• COLLECTED DATA:

────────────────

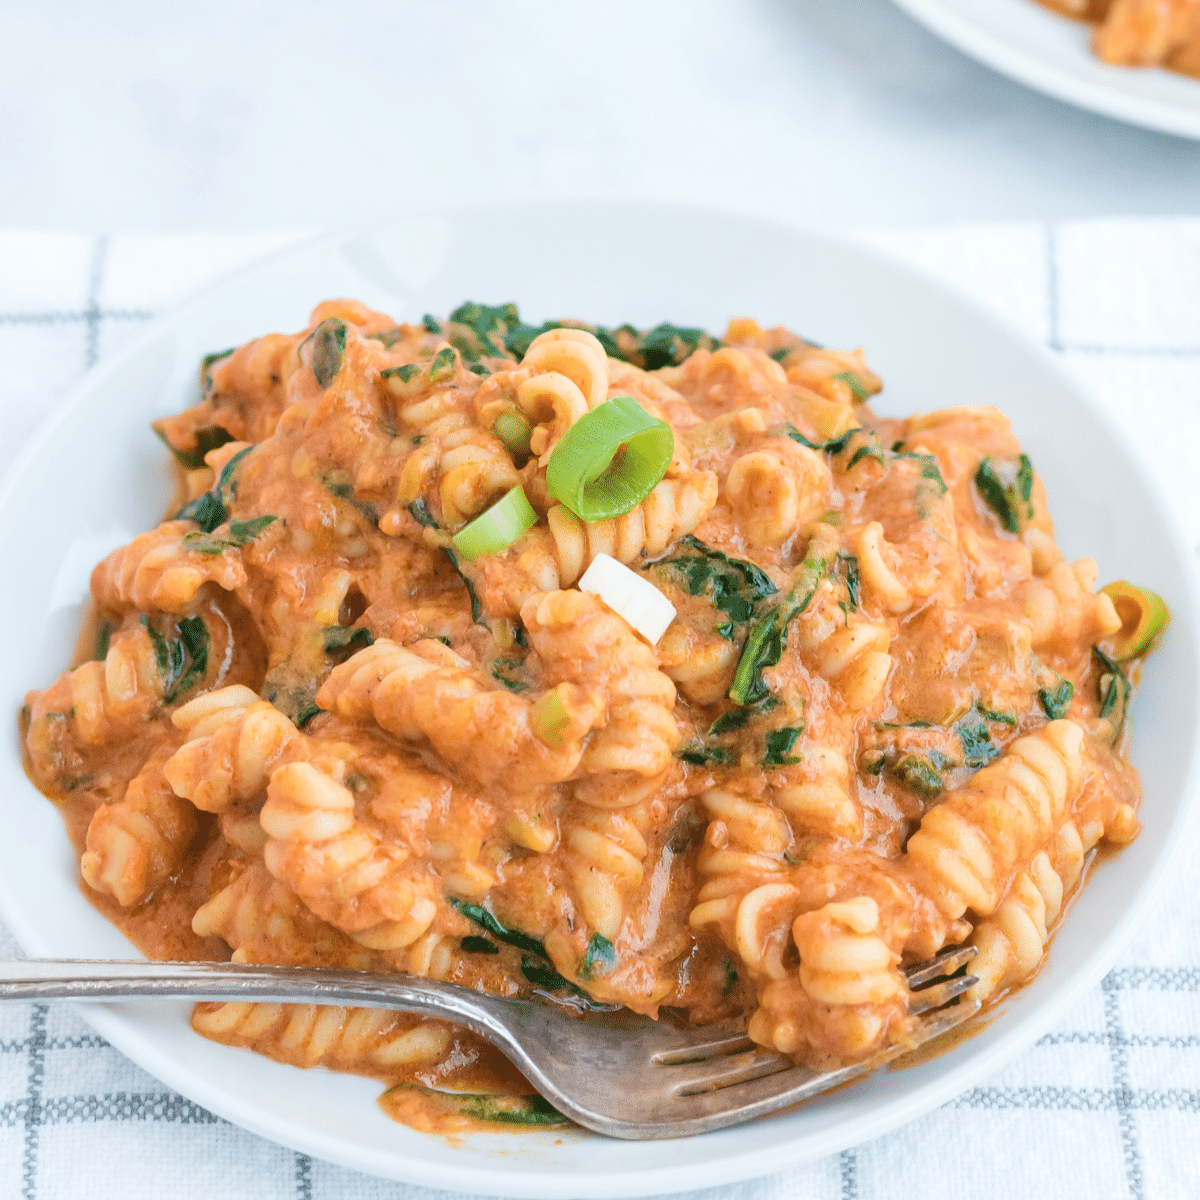 a plate of pasta with spinach and creamy red sauce
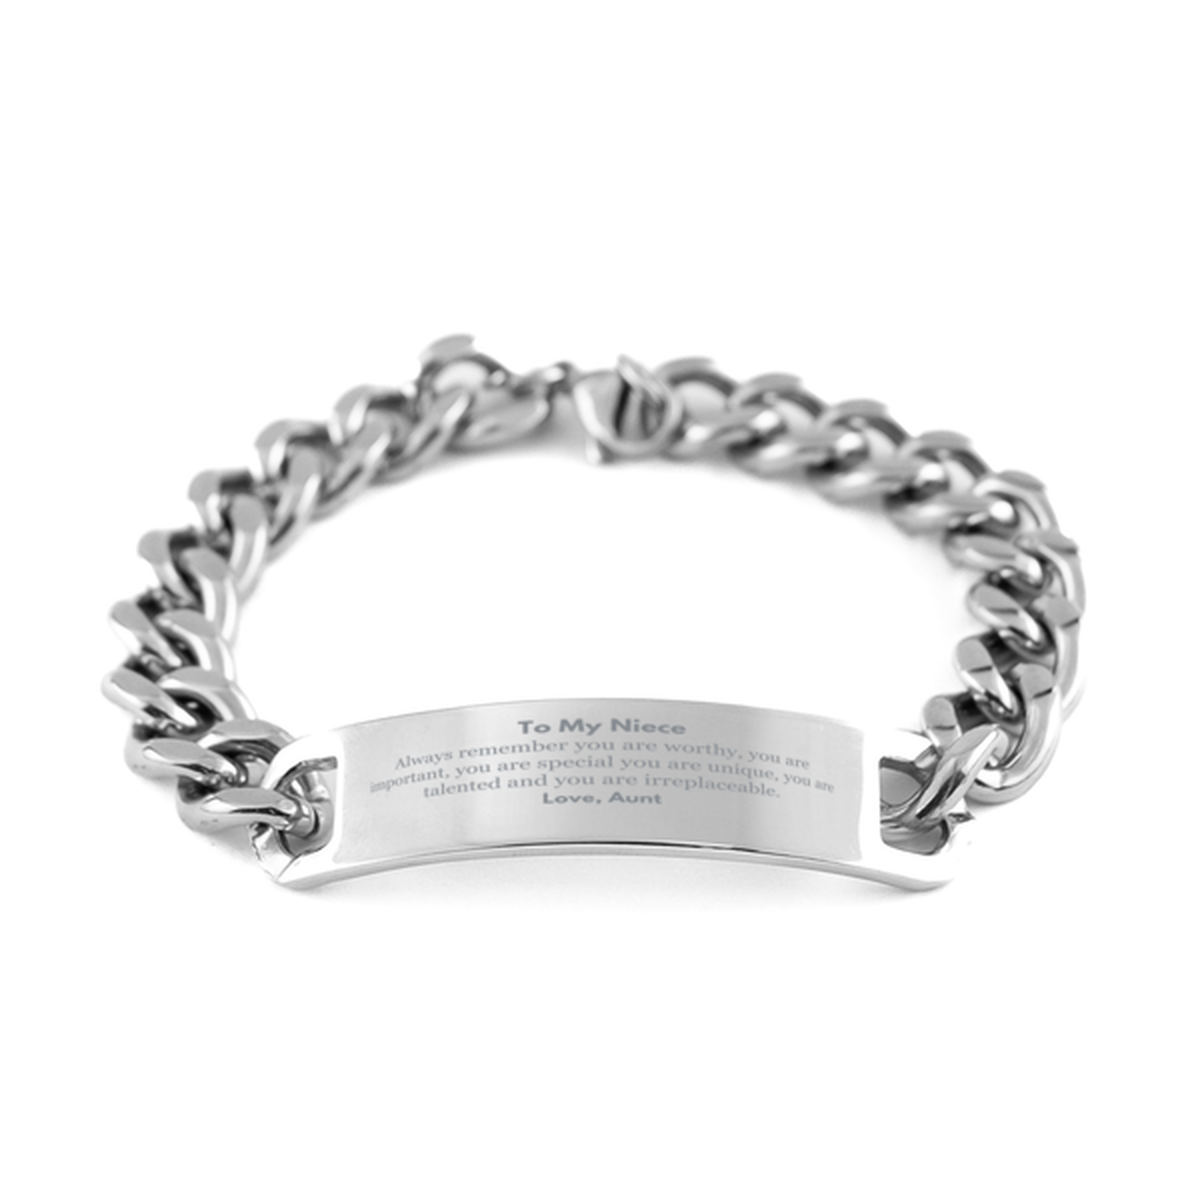 Niece Birthday Gifts from Aunt, Inspirational Cuban Chain Stainless Steel Bracelet for Niece Christmas Graduation Gifts for Niece Always remember you are worthy, you are important. Love, Aunt
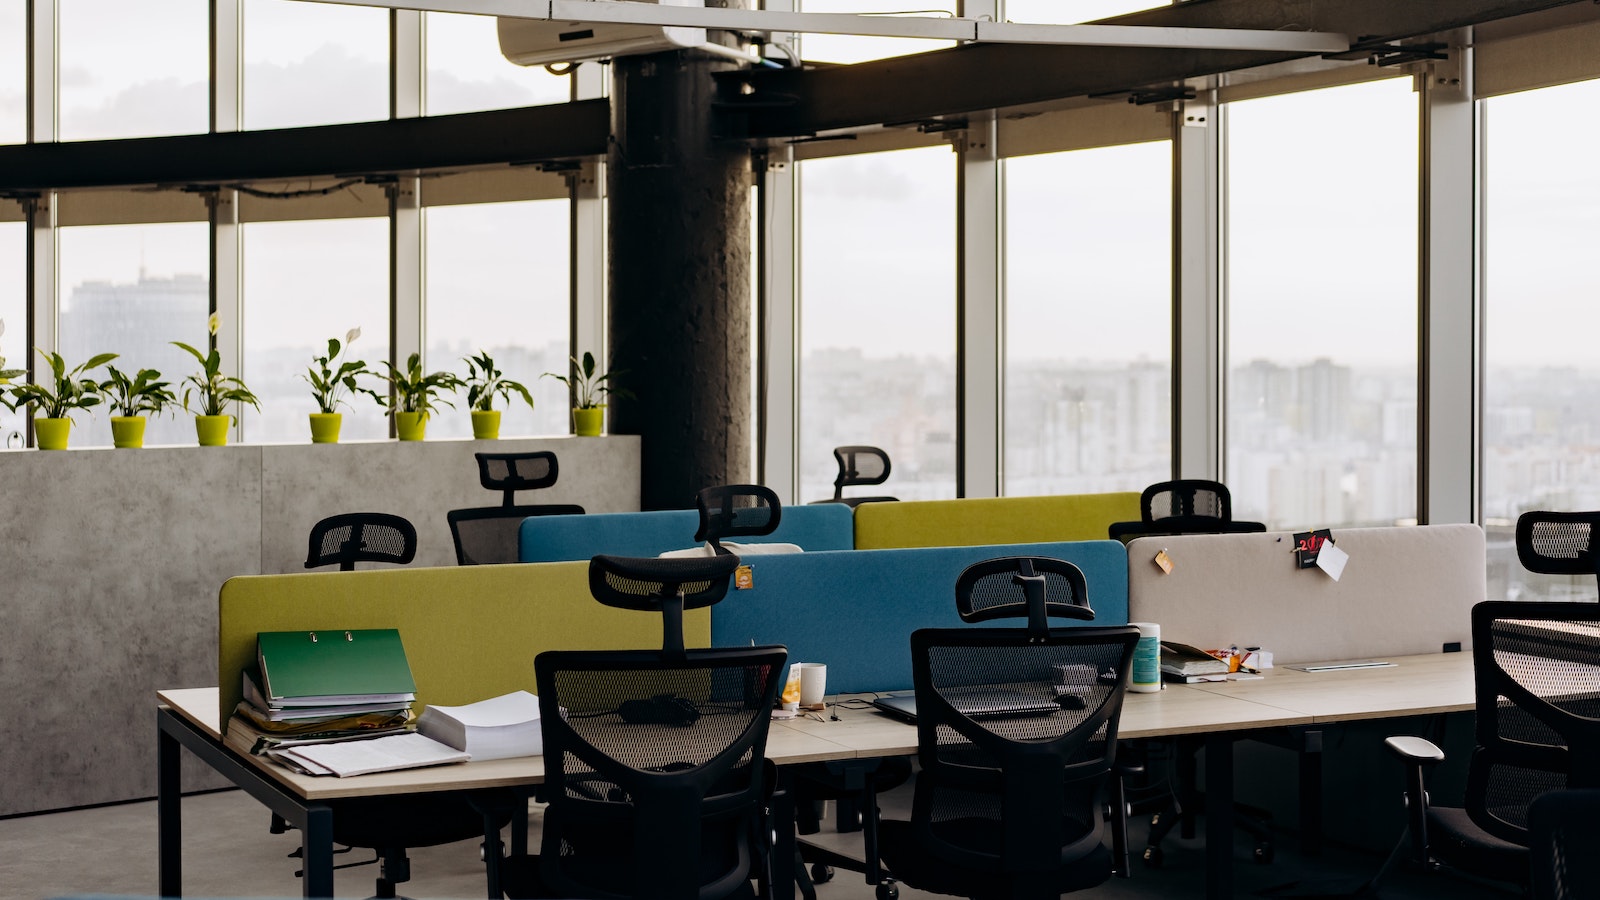 Desks with colorful dividers in a work space
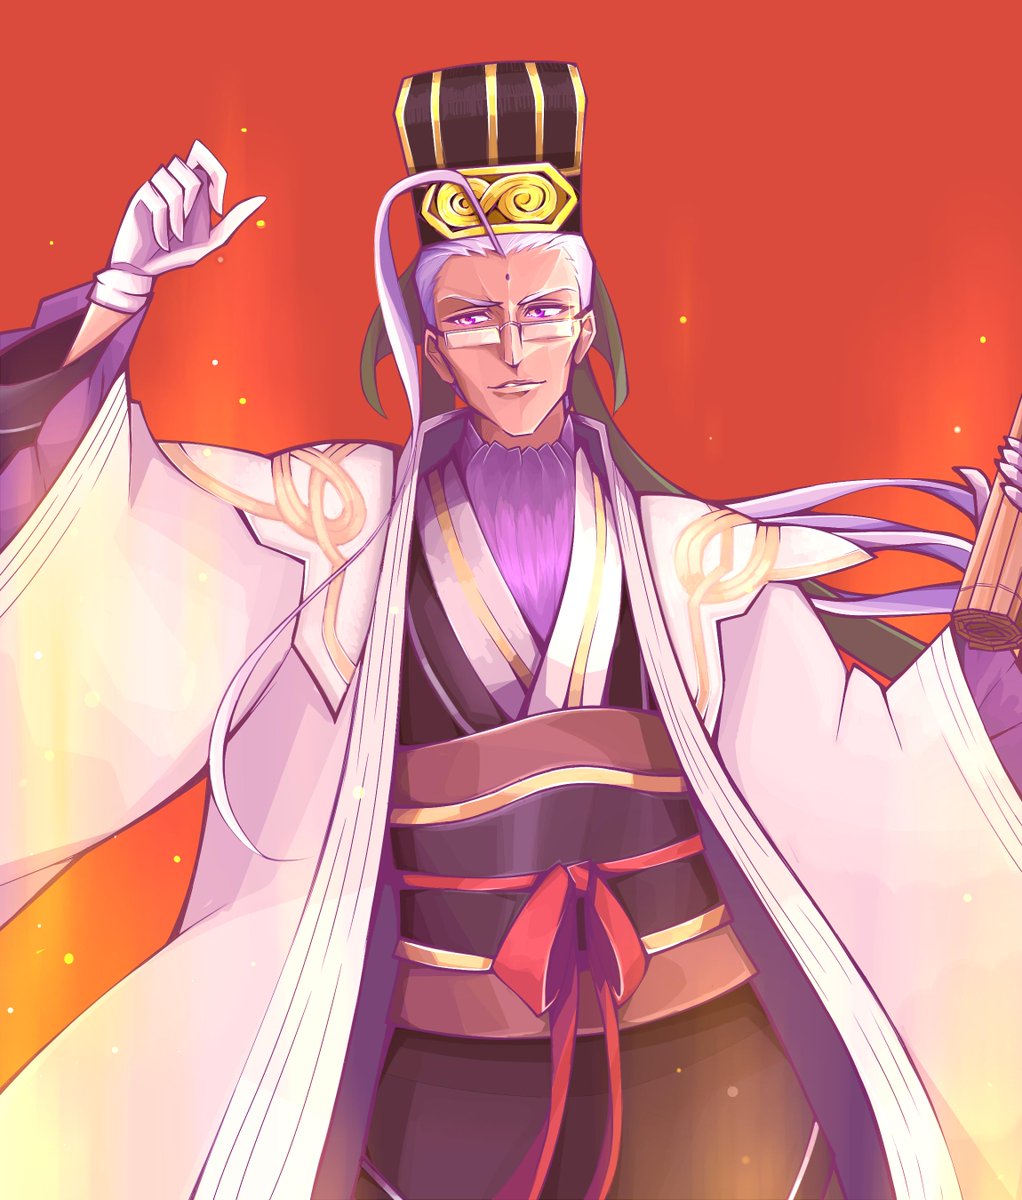 Lumi Chen Gong 陳宮 From Fate Grand Order Or My Take On Him Rather ㅁ This Was A Fun Experiment

────────────────

Without the pictures, retype exactly the lines from the one that holds "Desks with colorful dividers in a work space" to the last line of the data above, both of them included.

 Desks with colorful dividers in a work space
 Lumi Chen Gong 陳宮 From Fate Grand Order Or My Take On Him Rather ㅁ This Was A Fun Experiment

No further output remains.